Interestingly, Macmillan did try experimenting with fundraising using wireless, or WAP, technology, which allows mobiles to connect to the internet. The charity ran display advertising in newspapers with a variety of different response mechanisms, including a text short code. The idea was to encourage people to donate by SMS and to complete Gift Aid declarations using the mobile internet.

"The campaign didn't generate enough new supporters or sufficient donation levels to warrant us running it again on a larger scale," says Avery. But the charity did learn a lot about using WAP technology for donation administration purposes, and it was the first charity to use WAP for Gift Aid declarations.

Avery says: "It may be an increasingly effective way for us to communicate with existing supporters and administer their gifts. The immediacy of response the mechanism offers still has masses of untapped potential for campaign fund-raisers, catalogue requesters, event registrants and so on."

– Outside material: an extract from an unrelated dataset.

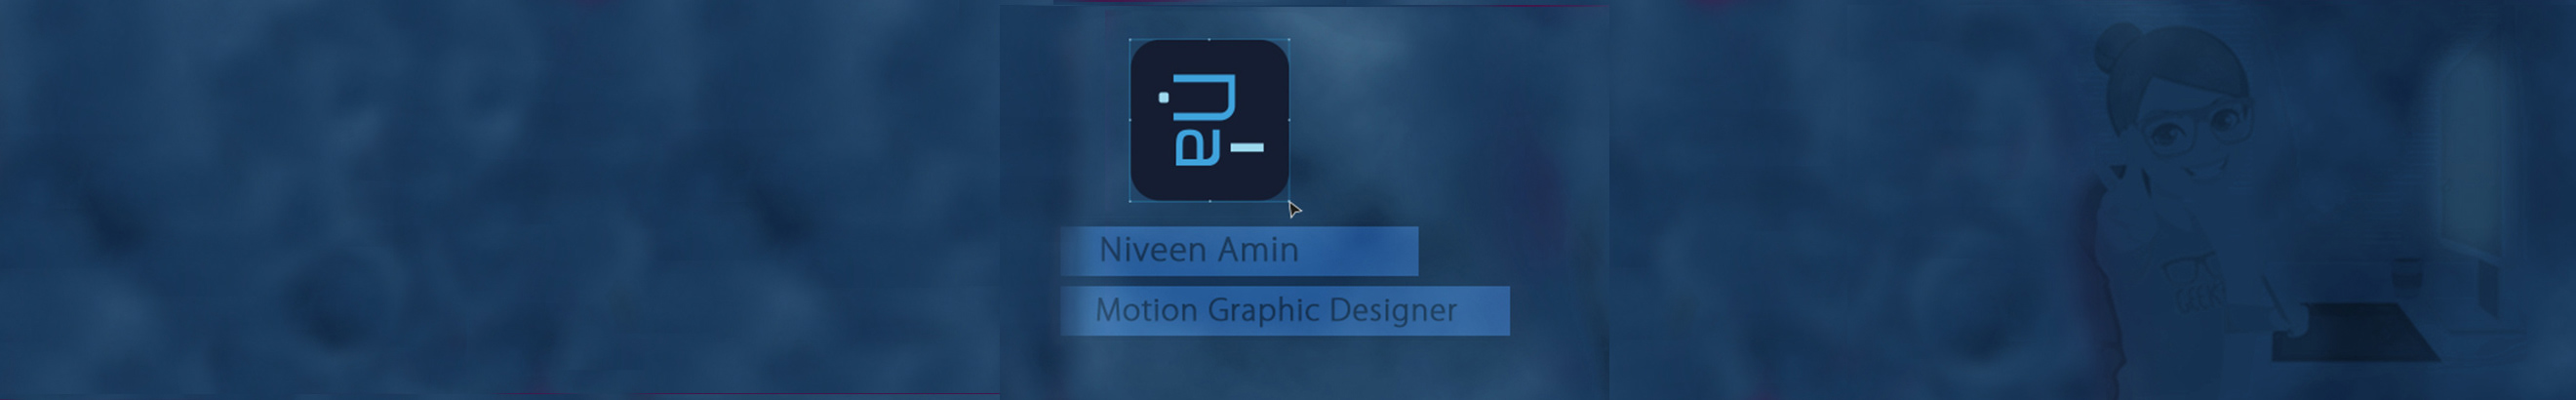 Banner de perfil de Niveen Amin

Using text messaging to disseminate information to disabled people, particularly younger ones, is the goal of a recent initiative at disability charity Scope.

Last November, it launched a free service that encourages disabled people who want information or advice to contact Scope by text.

Steve Cairns, head of the Scope Response service, says: "We're constantly seeking to improve access to our information and advice for disabled people and their families. People could already contact us by phone, internet or email, but we felt that including text would widen it even further and perhaps encourage more younger people."

He adds that many younger people are more comfortable communicating by text than in other ways. "We're always trying to extend our reach, and using text is speaking to young people in their language. I like it; it feels like we're on an equal footing."

That said, the main limitation of text messaging, according to Cairns, is that longer and more complex responses cannot be easily communicated.

"If it's a complex enquiry, we will suggest that we continue by phone or email after the initial text communication," he says.